Sauf que ce gain environnemental de la motorisation électrique est. réduit par le coût environnemental de production de la batterie. Et surtout, la faiblesse des émissions en CO2 est intimement lié au mix électrique français et ses 70% de nucléaire dans la production électrique. Conséquence : le contenu CO2 moyen en France de l’électricité en 2013 est de 64 g de CO2 /kWh alors qu’il est de 486 g en Allemagne ( où l’on voit l’effet de l’abandonnement scandaleux du nucléaire allemand) et environ 270 au Royaume Uni, 290 en Italie, 220 en Espagne, 560 en Pologne.

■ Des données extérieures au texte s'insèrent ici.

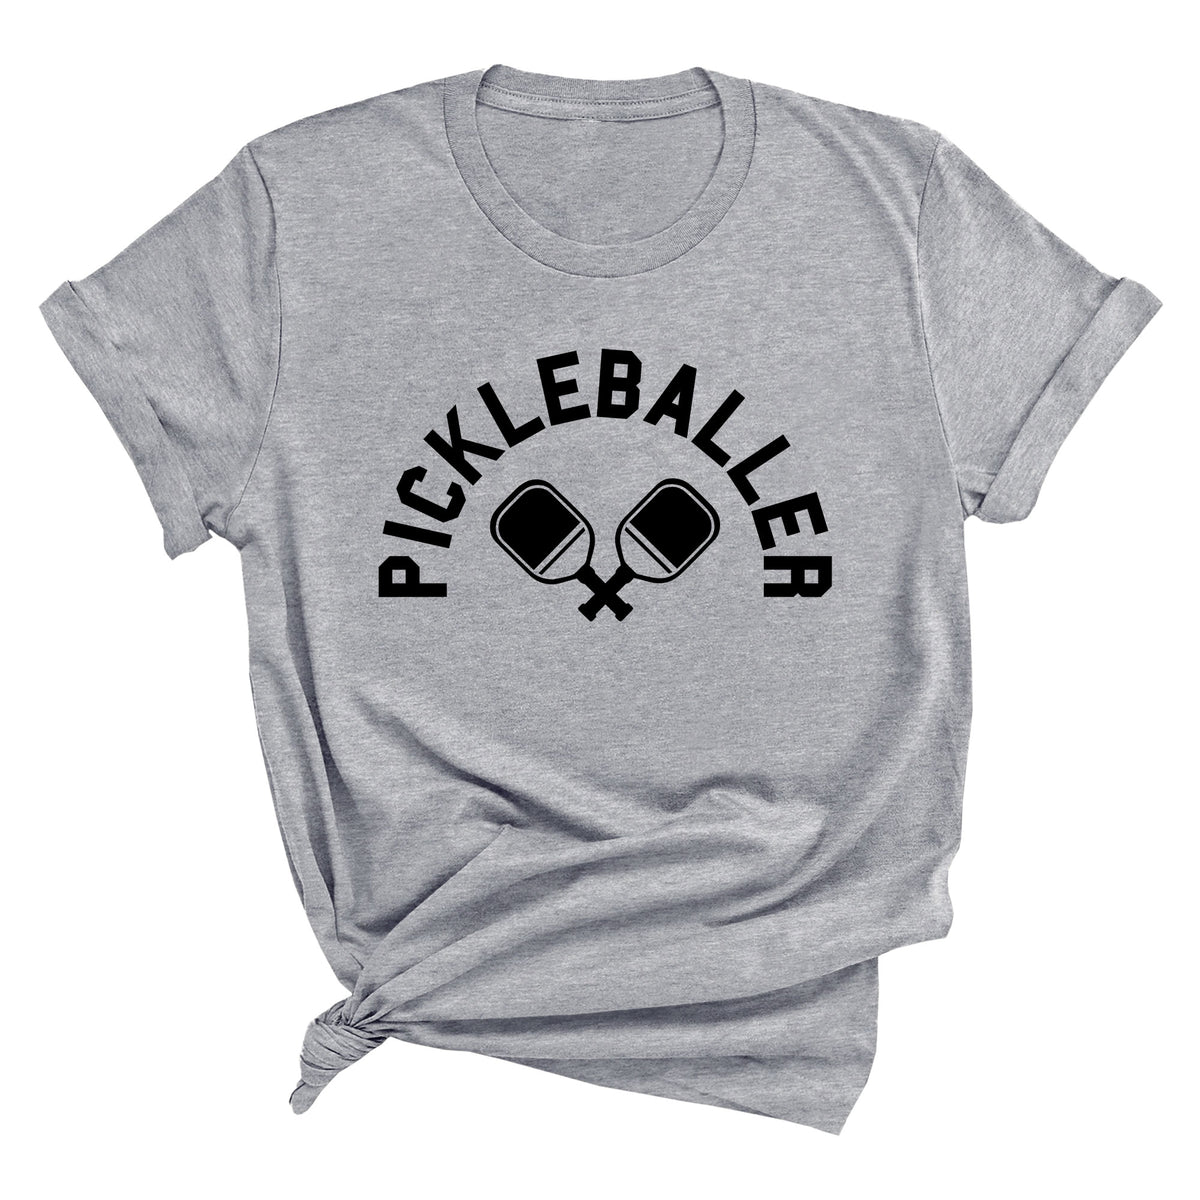 Pickleballer with Paddles Unisex T-Shirt

Conséquence de la conséquence : en matière de CO2,  en usage mixte (c’est-à-dire non intensivement urbain) le véhicule électrique est plus performant que le véhicule thermique en France, mais pas   en Allemagne (330 g), au Royaume-Uni (270 g), en Italie (290 g) ou en Pologne (560 g). En 2020, le Véhiculé électrique  sera cependant plus performant que le véhicule thermique dans toutes les zones urbaines quel que soit le pays de l’UE. Mais, même en 2050, en usage mixte, le véhicule électrique  serait toujours moins performant que le thermique dans des pays comme l’Allemagne (240 g CO2/kWh), l’Italie (230 g) ou la Pologne (400 g).

Coût pour l’utilisateur

En ce qui concerne le coût pour l’utilisateur, pour un usage mixte, le véhicule thermique demeure plus avantageux que le véhicule électrique. Ainsi par exemple le surcoût socio-économique pour un VE en 2030 est de 7 000 euros sur la durée de vie de la voiture (et supérieur pour les autres technologies et/ou pour 2020). Ce résultat s’explique par le fait que la technologie électrique voit ses avantages compétitifs s’éroder du fait de vitesses plus élevées (hausse des consommations par rapport au milieu urbain) alors qu’au contraire le rendement du moteur des véhicules thermiques est optimal autour de 80 km/h3, et du moindre coût environnemental dans les zones moins peuplées. Ce phénomène est renforcé par une hypothèse de baisse annuelle de plus de 2 % des consommations des véhicules thermiques. Par ailleurs, pour rendre un service équivalent, le véhicule électrique considéré doit posséder une grosse batterie d’une capacité de 50 kWh correspondant à une autonomie plus importante (200 km). Cela implique davantage d’émissions de polluants et de Gaz  à Effet de Serre lors de la phase de fabrication.

Et ajoutons encore ceci : le Véhicule Electrique  est pénalisé par un investissement relatif à l’installation de bornes de recharge. Aux 7000 euros s’ajoutent  donc une prise à domicile pour un coût de 600 euros  et l’aménagement de places de parking avec borne à destination (travail, études, commerces…) pour un coût de 2 000 euros, soit un surcoût  total de l’ordre de 9 500 euros pour le Véhicule électrique, sur sa durée de vie.

 Et encore ces résultats sont très sensibles. Une hypothèse alternative de 8 500 km au lieu de 16.000 par an conduit à un surcoût pour le VE de plusieurs milliers d’euros. Moins on roule, moins le véhicule électrique et intéressant.



Mise en garde de Carlos Tavares . Merci Monsieur !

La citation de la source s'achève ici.